▸ **EXTRACTED MATERIAL**
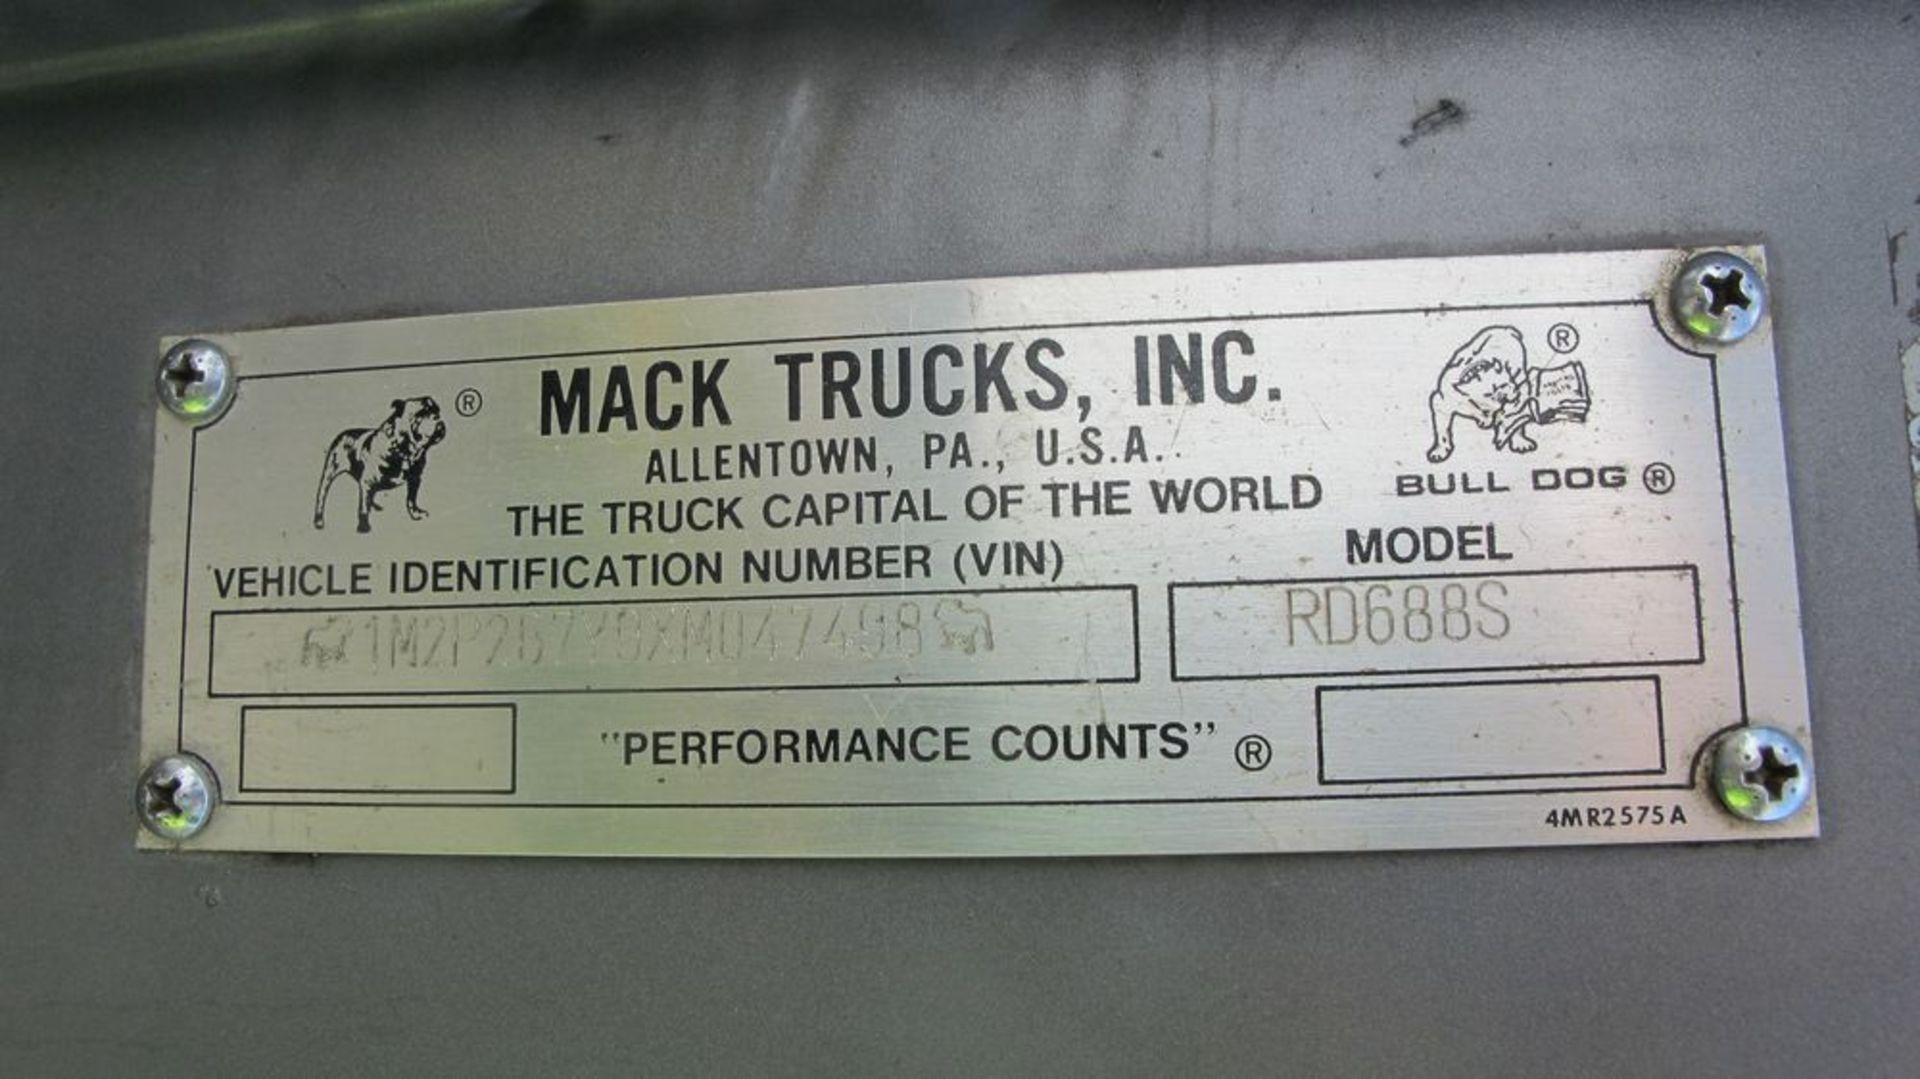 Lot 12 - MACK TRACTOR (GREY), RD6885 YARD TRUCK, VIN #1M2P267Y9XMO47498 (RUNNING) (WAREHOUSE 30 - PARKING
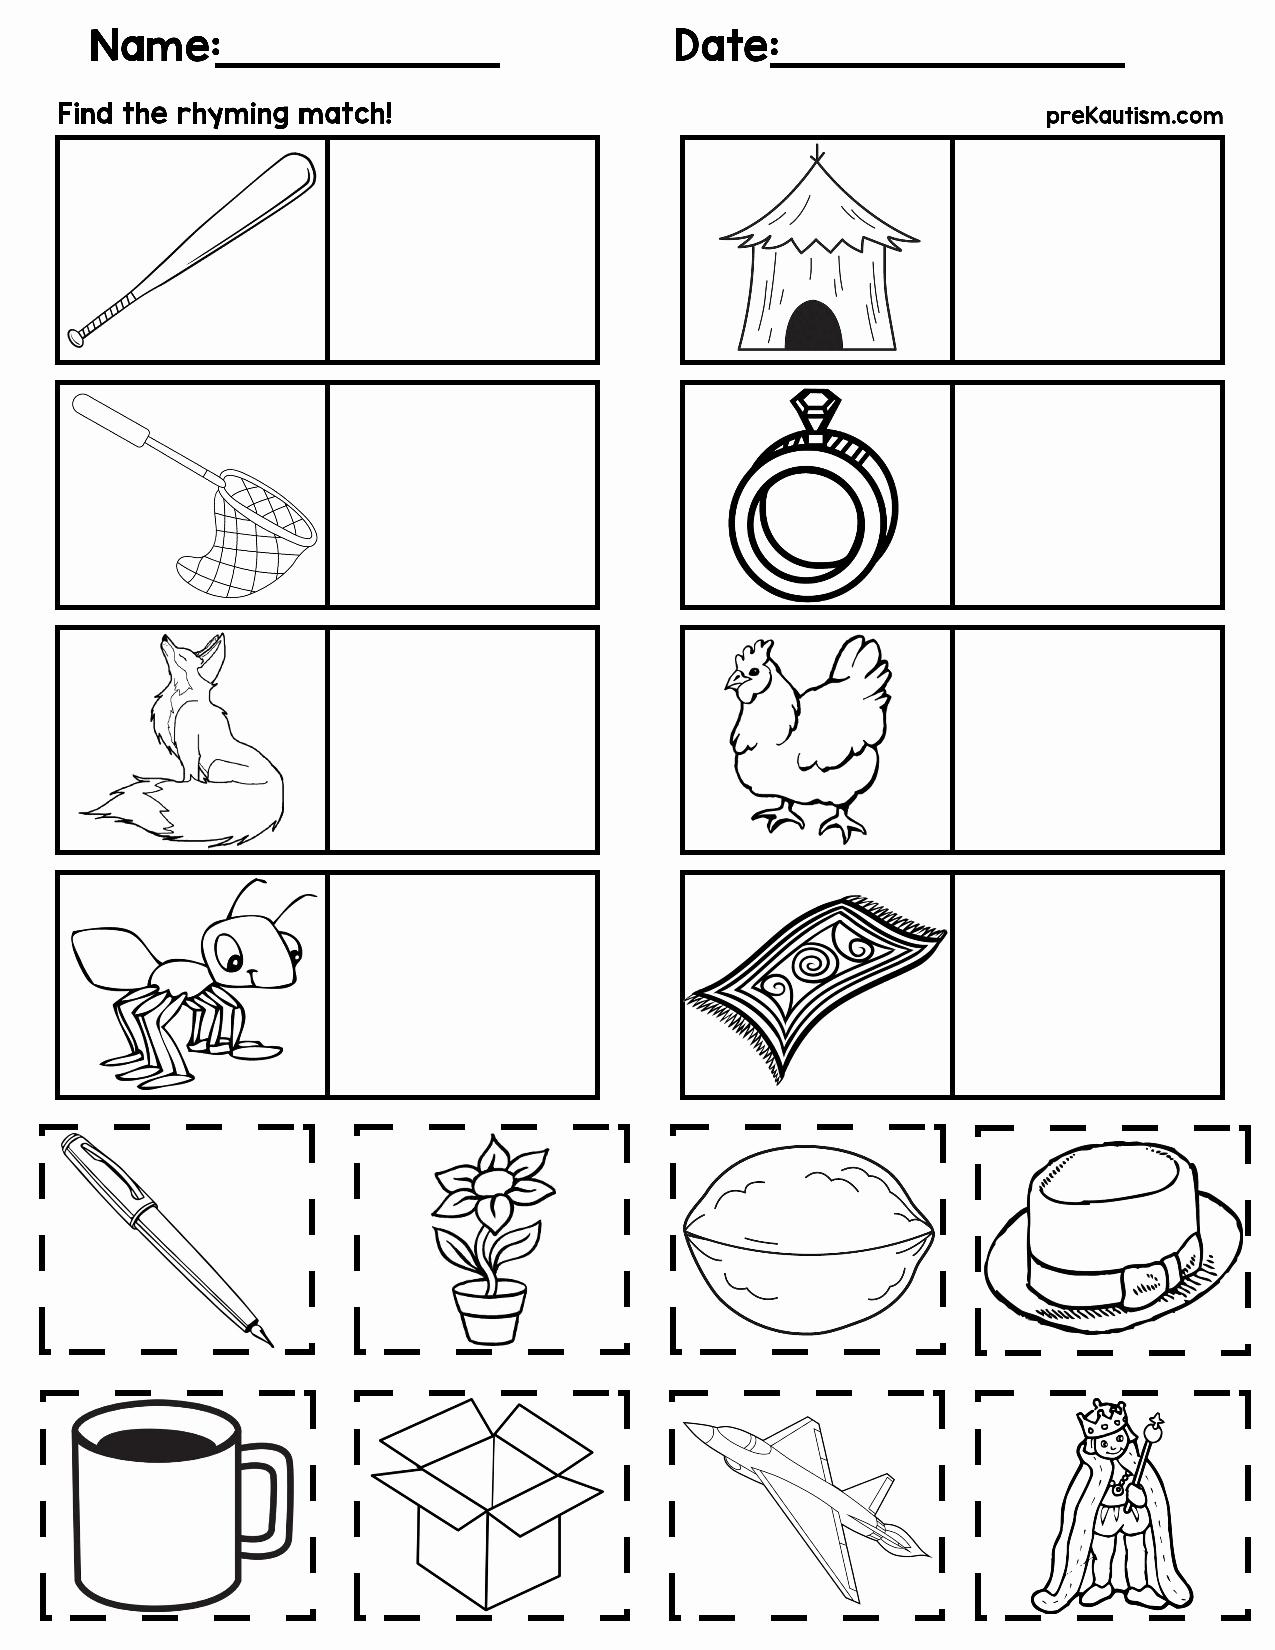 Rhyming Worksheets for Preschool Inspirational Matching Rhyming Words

...

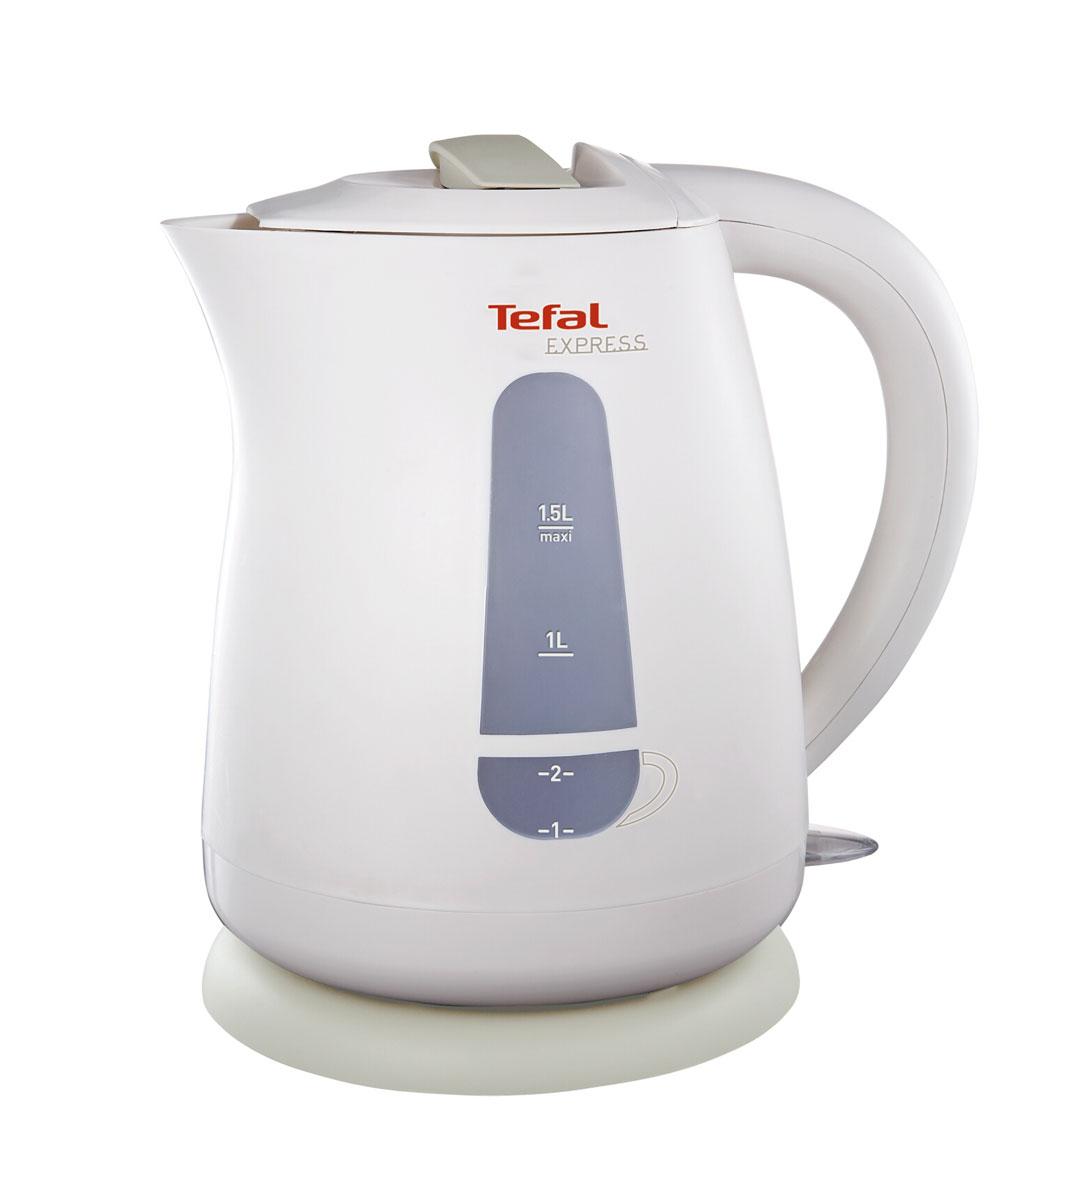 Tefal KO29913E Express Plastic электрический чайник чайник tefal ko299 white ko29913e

--

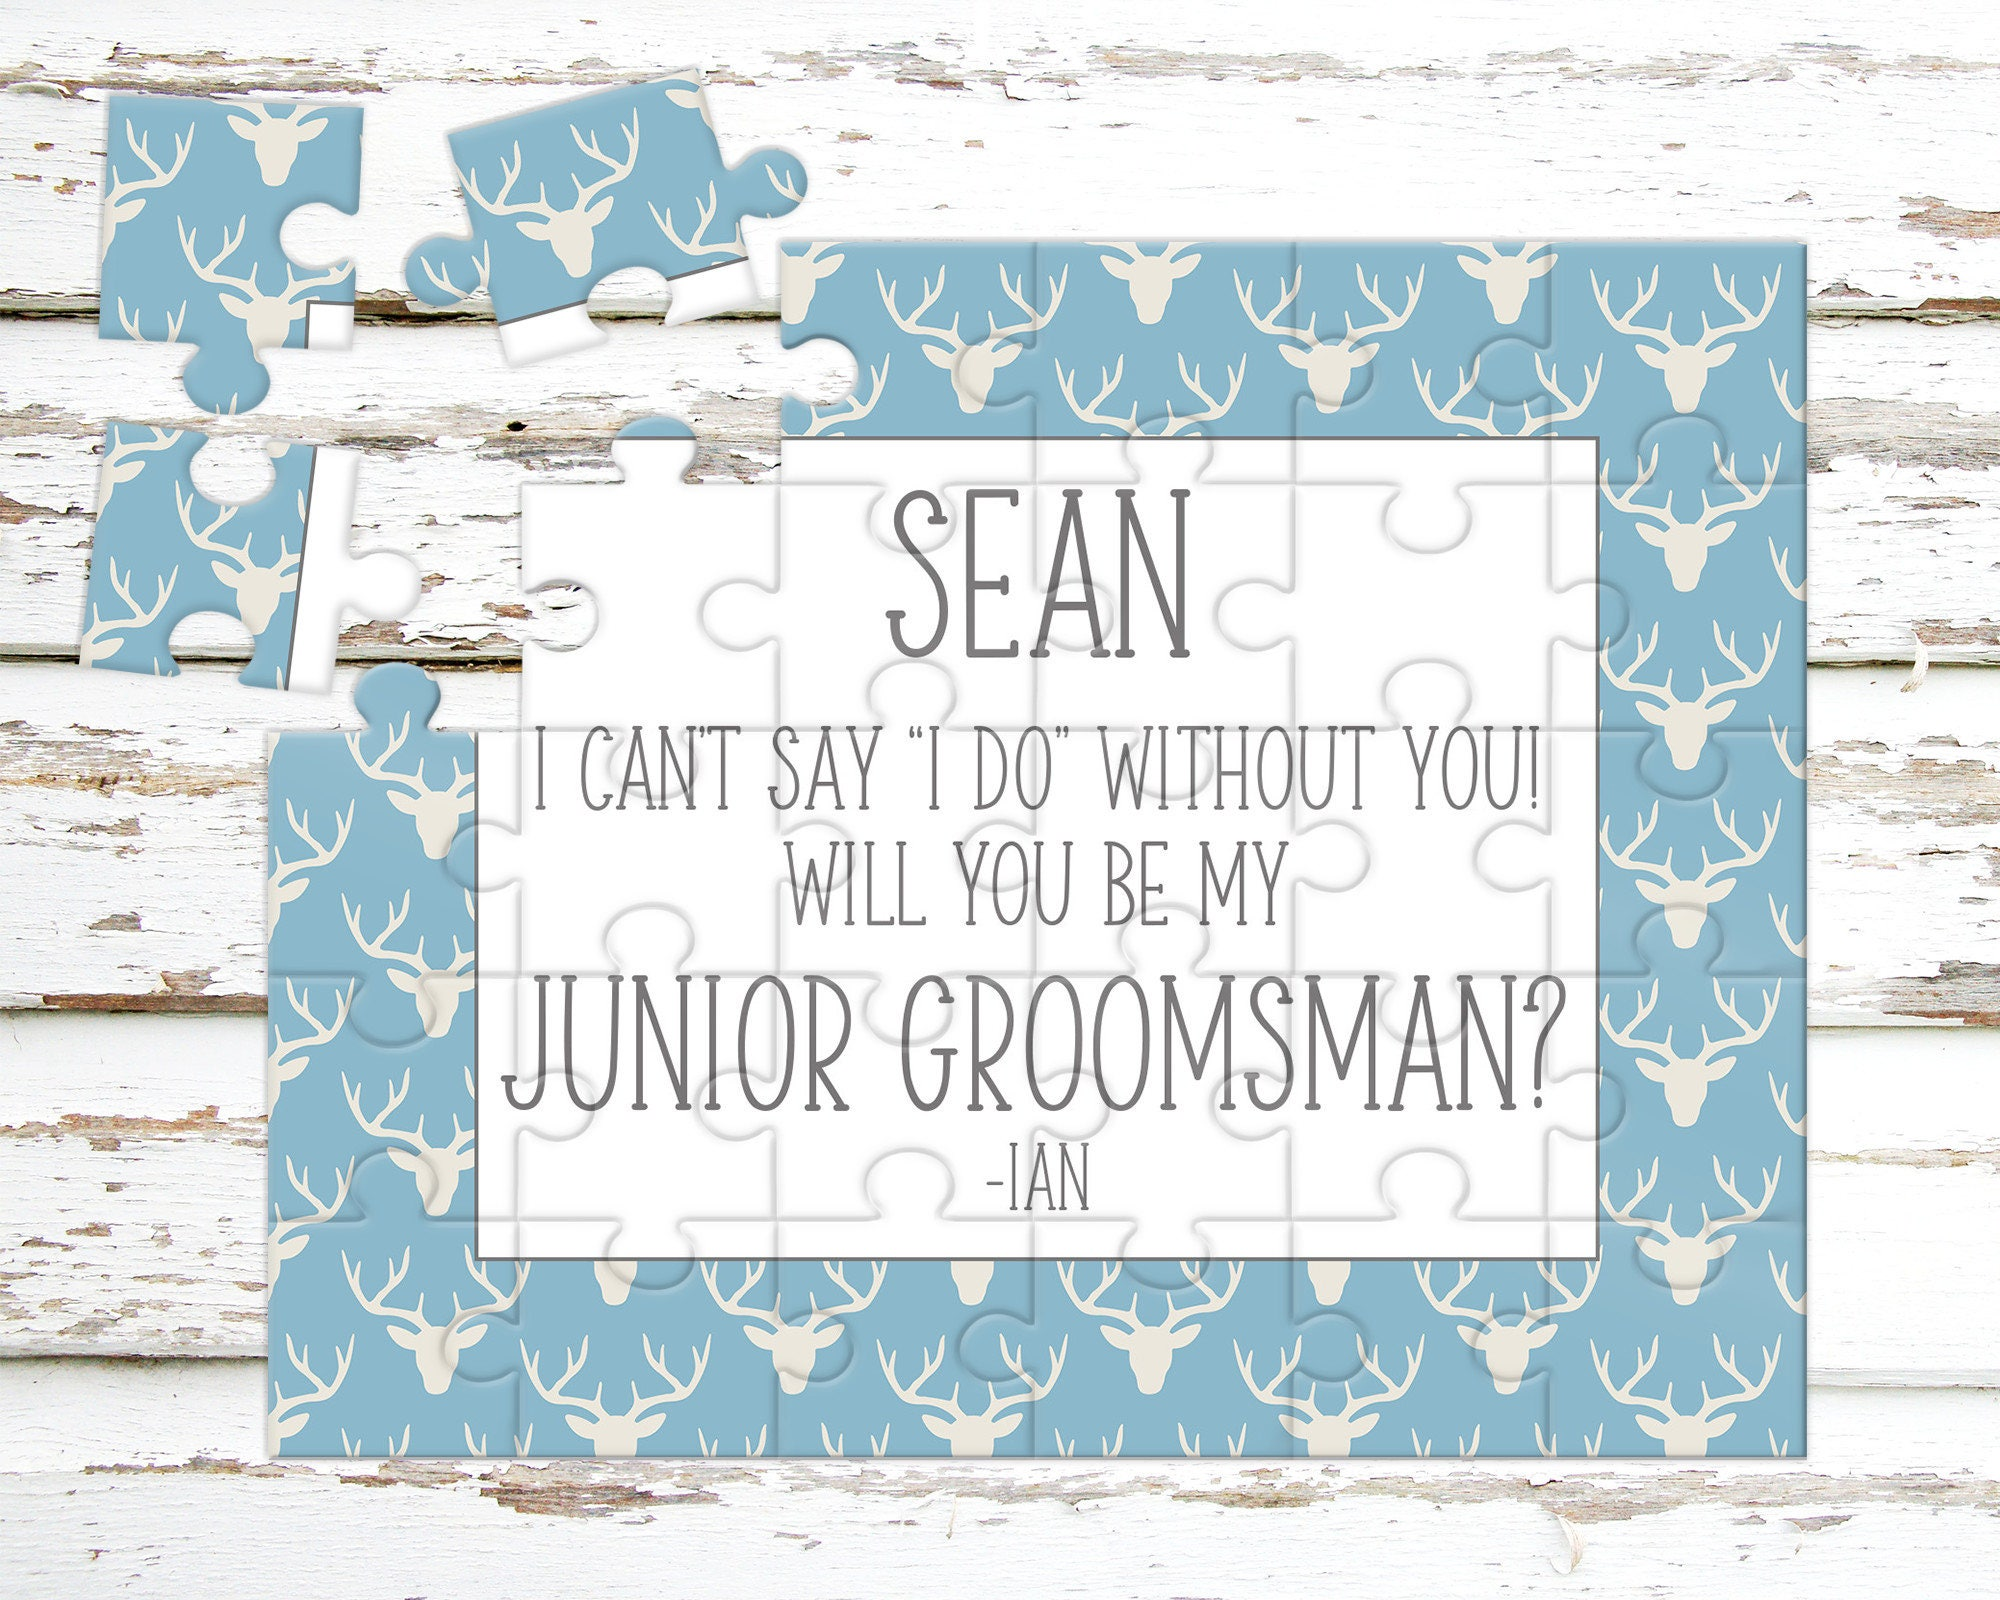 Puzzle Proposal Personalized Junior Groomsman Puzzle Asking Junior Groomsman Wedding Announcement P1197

▸ **EXERCISE**
Please output the lines above beginning at the line with "Lot 12 - MACK" and ending after the line with "Rhyming Worksheets for", precisely as written and with no pictures.

▸ **ANSWER FOR THE TASK**
 Lot 12 - MACK TRACTOR (GREY), RD6885 YARD TRUCK, VIN #1M2P267Y9XMO47498 (RUNNING) (WAREHOUSE 30 - PARKING
 Rhyming Worksheets for Preschool Inspirational Matching Rhyming Words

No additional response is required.